Generating answers: 100%|██████████| 161/161 [04:41<00:00,  1.75s/it]


In [94]:
correct_count = 0
total_count = len(log)

for _, answers in log.items():
    if answers['gpt_choice'] == answers['correct_choice'] + 1:
        correct_count += 1

percentage_correct = (correct_count / total_count) * 100
print(f"Percentage of correct choices: {percentage_correct:.2f}%")

Percentage of correct choices: 65.22%


In [2]:
# Read QA questions from the json file
with open('shuffled_QA_pairs_econ_part2.json') as f:
    data = json.load(f)

# Load the .env file
load_dotenv()
client = openai.OpenAI()
# claude_client = anthropic.Anthropic()

In [4]:
import re

for i, q in enumerate(data):    
    # remove the empty newlines and first few numbers followed by a period in the question by regex    
    clean_question = re.sub(r'^\s*\d+\.\s*', '', q['question'])    
    data[i]['clean_question'] = clean_question

In [7]:
from tqdm import tqdm
from collections import defaultdict
classification_log = defaultdict(dict)

for generated_qa in tqdm(data, desc="Generating answers"):
    question_key = generated_qa['question']
    question = generated_qa['clean_question']

    system_prompt = """
    You will be presented with a problem pulled from a finance textbook. 
    Your goal is to determine three things: whether the question has enough information to be answered, if it does, what type of question it is, and if it is fit for use as a multiple-choice question.
    
    When determining if the question has enough information, classify it as one of the following:
    1. Incomplete: Is the question complete? Are there any missing words or phrases, or references to other parts of the text that are not included?
    2. Missing reference: Does the question contain all the reference materials? Are there any missing tables, charts, or other information that is necessary to answer the question?
    3. Missing context: Does the question contain all the necessary context? Does it ask for information from sections in the textbook, which are not included in the question?
    9. Other: The question does not have enough information, but it does not fit into any of the above categories.
    0. Complete: The question has all the necessary information to be answered.
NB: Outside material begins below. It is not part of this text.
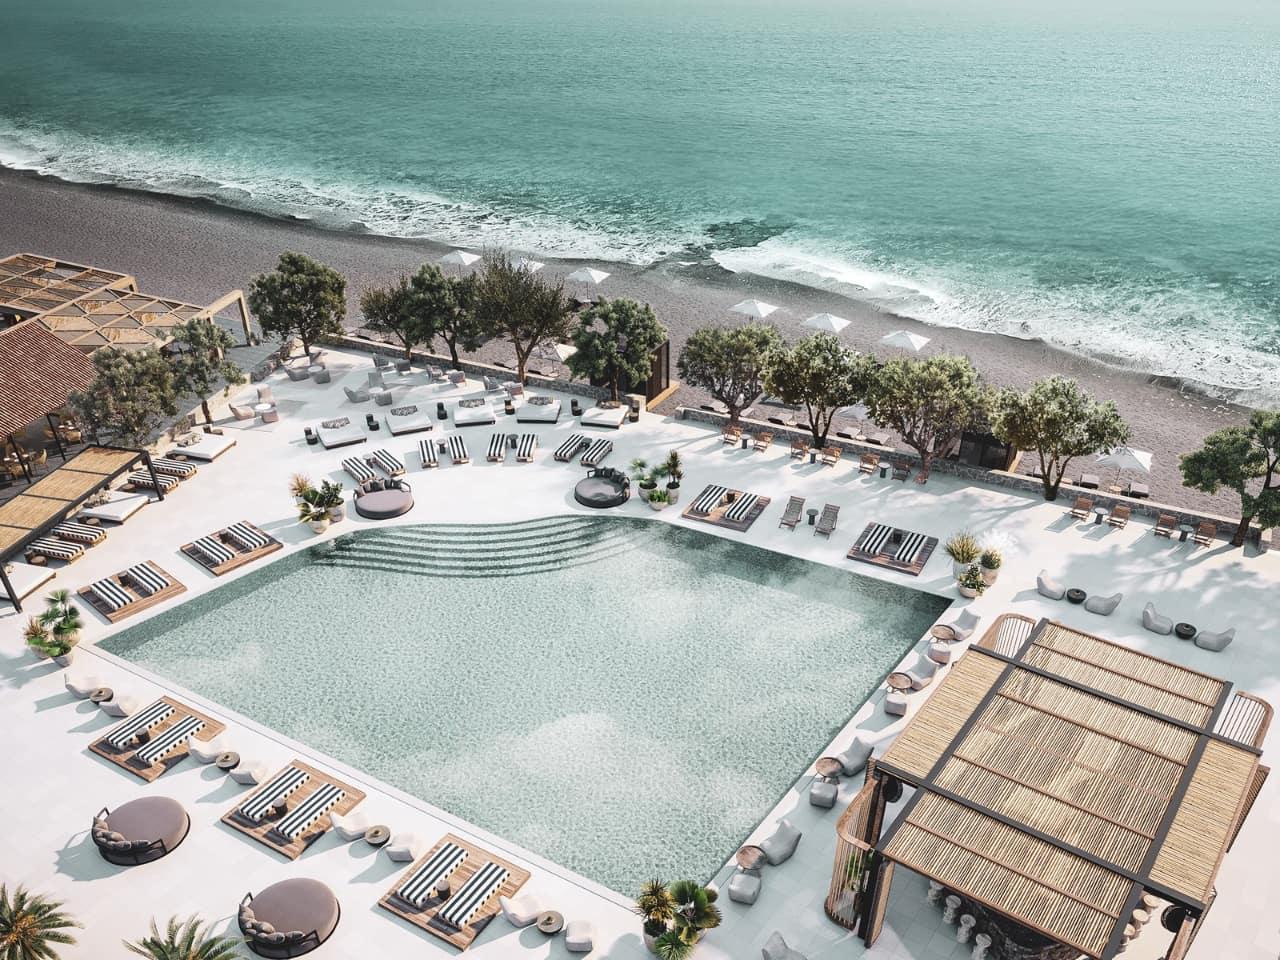 Numo_Ierapetra_Beach_Resort_-_A_brand-new_luxury_adult-friendly_and_barefoot_beach_resort_in_Ierapetra

    When determining the type of question, classify the question as one of the following:
    1. Conceptual: The question asks for an explanation of a concept or theory.
    2. Computation: The question asks for a calculation or numerical answer.
    3. True/False: The question asks for a true or false answer.
    4. Graphical: The question asks for a graph or chart to be drawn.
    5. Reasoning: The question asks for a logical explanation or reasoning.
    9. Other: The question does not fit into any of the above categories.

    When determining if the question is fit for use as a multiple-choice question, simply answer yes or no by assigning a 1 or 0, respectively.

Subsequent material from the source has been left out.